Yes, the Internet is not free. But neither is high-fructose corn syrup. What HFCS is, is cheap. And the Internet keeps getting cheaper. The old argument seen here -- that the Internet will just be a plaything for the rich -- gets less relevant every day.
Back in 1995 only geeks knew that the Internet was an amazing social tool. That's how it was possible for this writer to claim that "friends, gym or art class, school clubs or teams, driver's ed., or other such aspects of high school life... could never be delivered direct-to-you through the internet". Gym class is hard to deliver via TCP/IP (alas for our waistlines) as is driver's ed -- but friends, clubs, teams, and art class turn out to be lots of fun online. And the author falls for the common fallacy of either/or, familiar from such classic stupid debates as "nature vs nurture": Either you have an online life or you have an offline life. The notion that these two things might evolve to augment each other was impossible for this writer to grasp in 1995.
As for the final point:
information posted on the internet has virtually no proof of reliability
That could have been written yesterday. People are still fighting through this canard. As if the folks who could afford printing presses, radio transmitters, or TV sets have always been trustworthy.
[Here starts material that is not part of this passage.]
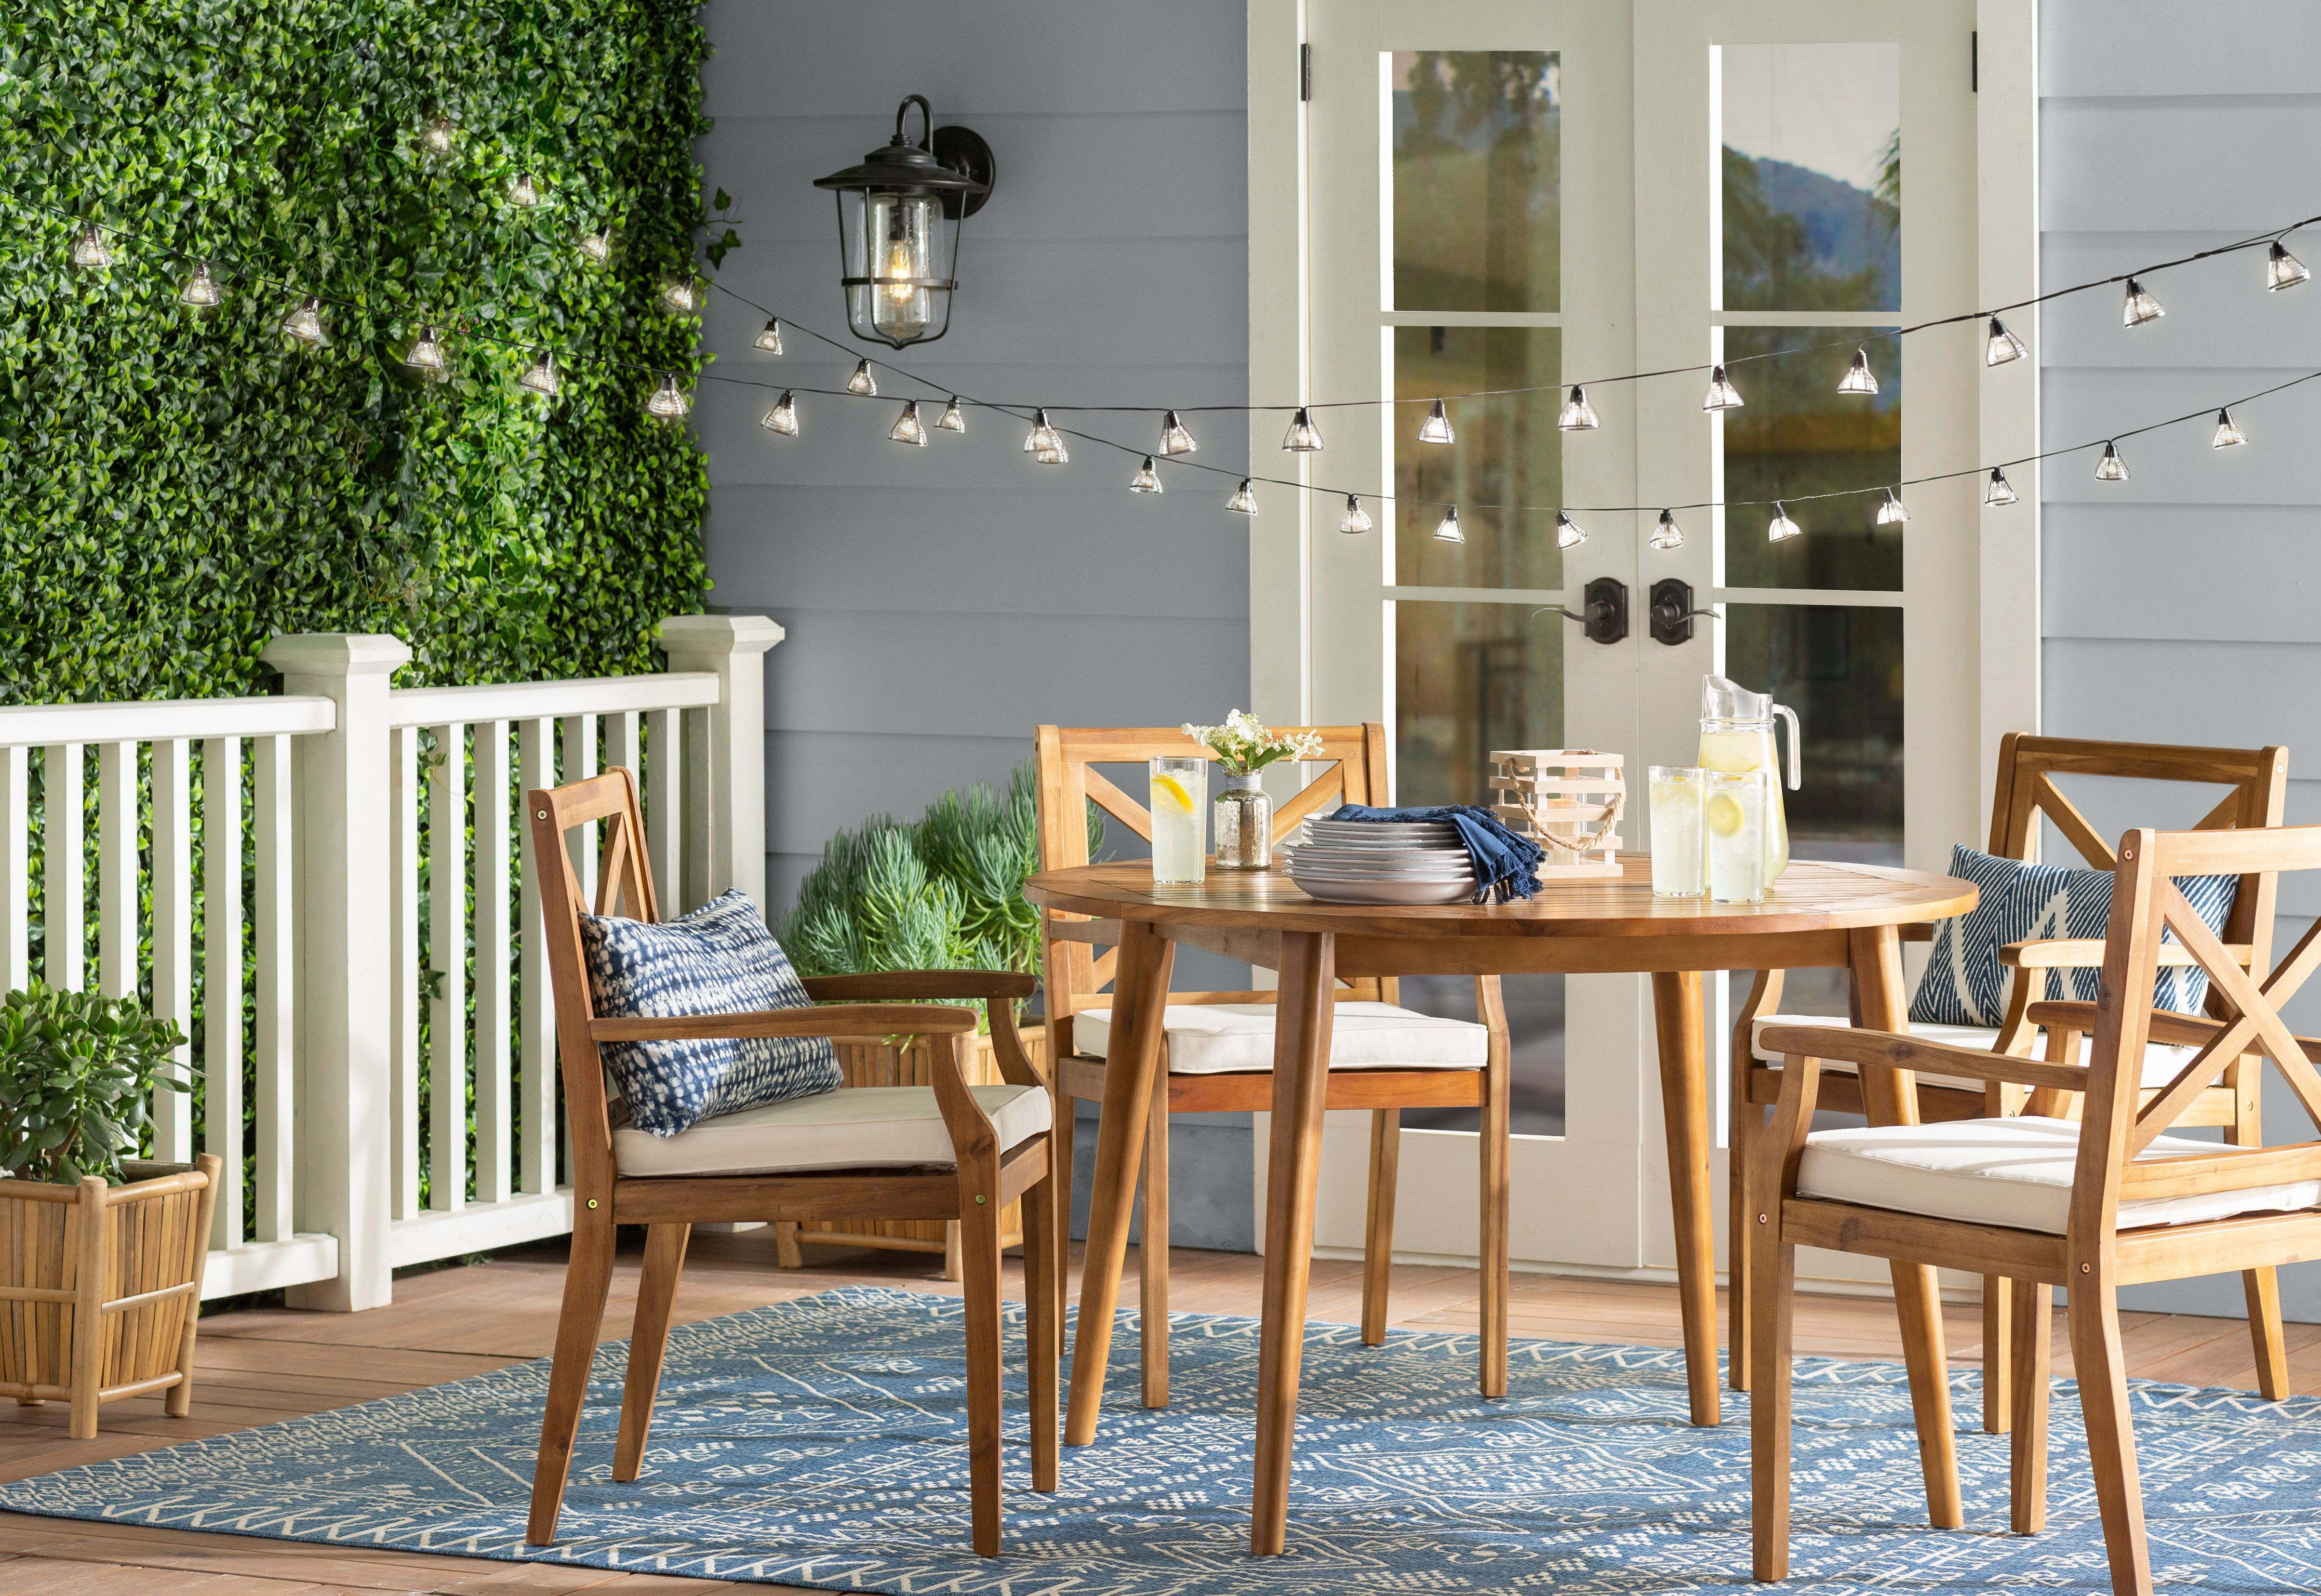 Shop this Sleek & Chic Modern Outdoor Design!   Outdoor ... on Outdoor Living Shop id=86565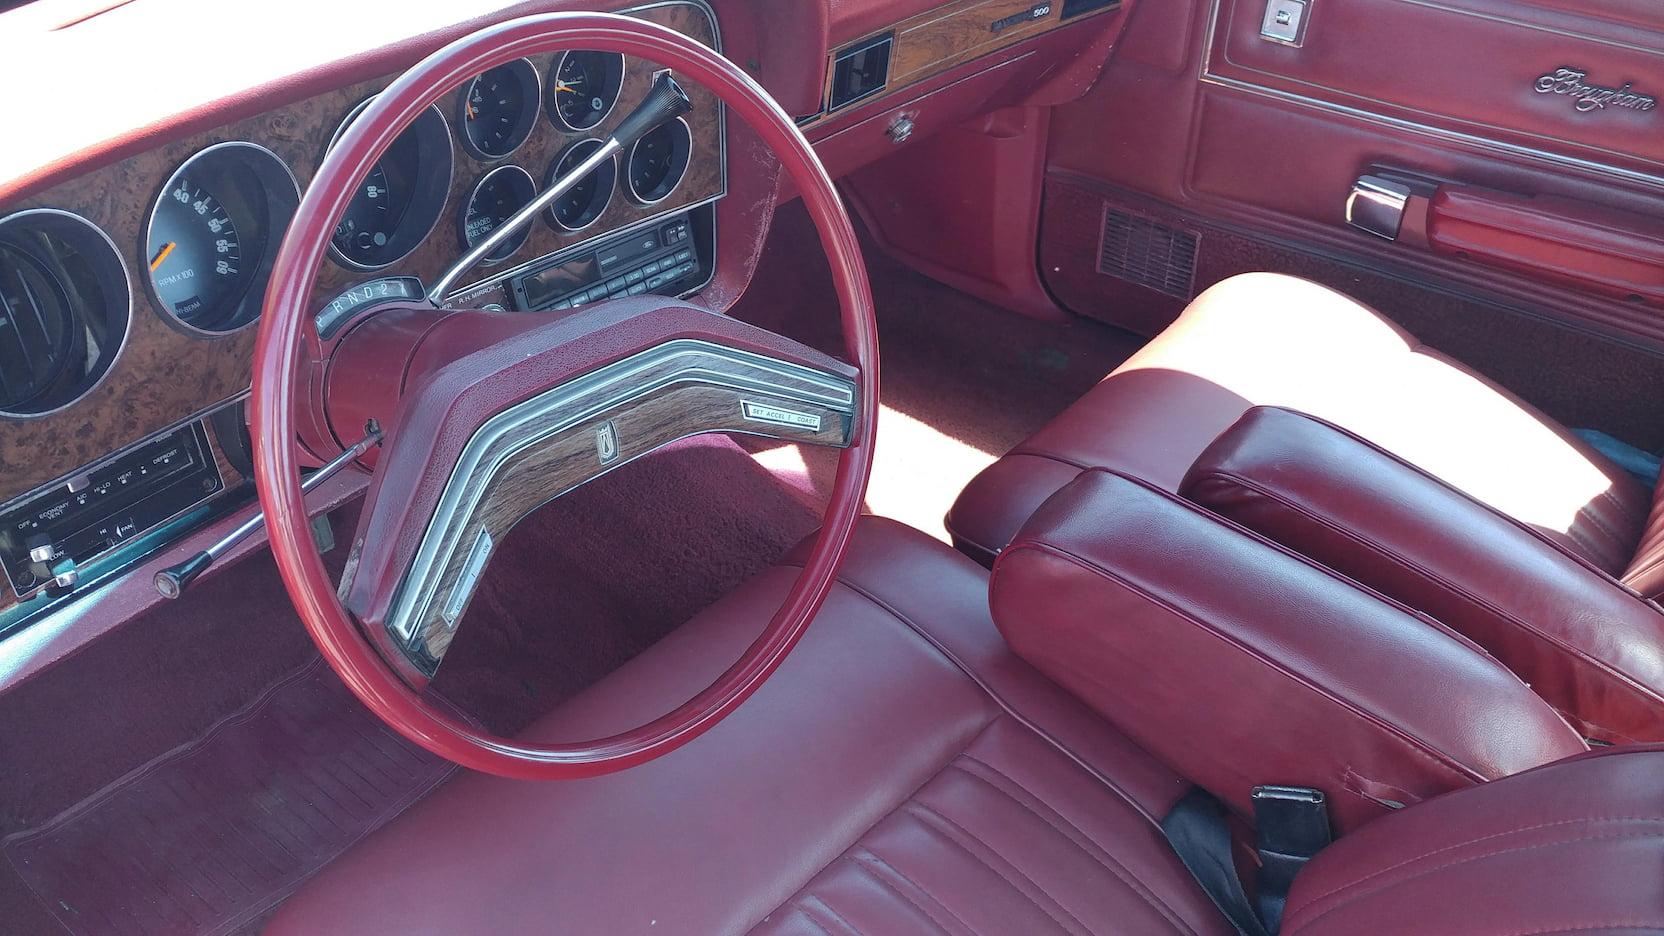 1979 Ford Ranchero interior

As time goes on, we see ever more clearly that the mandarins of older media use the word reliable the way European missionaries used the world Christian and the ancient Romans used the word civilized: As a disguised synonym for "respectful of the established authorities that I serve".
We can't blame the author for his shortsightedness, just look at what people write about twitter. Also there was no google or wikipedia then, and the internet was still mostly a collection of static html pages. There is nothing interesting about a giant stack of document.
edit: But still, not that he didn't make a fool of himself :D
The author is a 'she'; and her main point is relevant, even today. We've found ways to counteract it, but we still get bitten all the time by nonsense that just anyone can put on the Internet.
Wheras books and newspapers are all completely true? Anybody can say or publish anything they want - in this sense the internet is an extension of the nonternet world, not a contrast to it.
That is, her main point is irrelevant. The internet may not improve on this, but it's not unbearably worse either.
A media studies professor told me that the problem with the Internet was (1) people don't understand how it works so it depowers them further (2) there are a lot of hidden environmental costs (3) quality of information is questionable because everyone can post anything, and (4) everyone thinks everything is a revolution: they thought that about radio, television, etc...how they were going to change our world and didn’t. Like the author of this article, she pointed to how select large corporations control the infrastructure.
I responded in a presentation that:
(1) Not everyone needs to know how medicine works in order to benefit from medicine, and it does improve our lives. It is a good thing that not everyone has to know TCP/IP, or the inner workings of browsers to use them. Further, unlike many other elements of our society, to learn and get involved in this one is a lot easier.
(2) It’s true that silicon development, and waste from computer equipment is contributing to our environmental problems, and we should fix that, but that is a larger systemic paradigm problem we as a society have and is not specific to this industry
(3) The problem of unreliable information exists with or without the Internet. That problem is tackled by people organizing who have shared interests, organizing to create certifications, show trust in others, build reputation networks, etc... this is the case outside of the Internet, and it is the case with the Internet as well.
(4) The Internet is not going to be like television or radio, because it is fundamentally different. Although organizations like the FCC were designed to protect limited air waves from corporate control, they ended up doing the opposite, and even if they were doing a good job there would be a lot of hierarchical control. What we have on the Internet is something particularly incredible. The powerful organizations that control the infrastructure needed to build something that worked reliably, for many purposes, and although the reasons for this were originally military and such, what we have is something not hierarchical, something that you can become a node on, something that with very low cost of entry gives you the ability to distribute your content. Sure, most of this ability is used by many people to maintain their MySpace page, but that they can make it incredibly different. Further, browsers can modify the content being sent to them, the Internet allows groups of people to create their own communities, and their own sub-networks.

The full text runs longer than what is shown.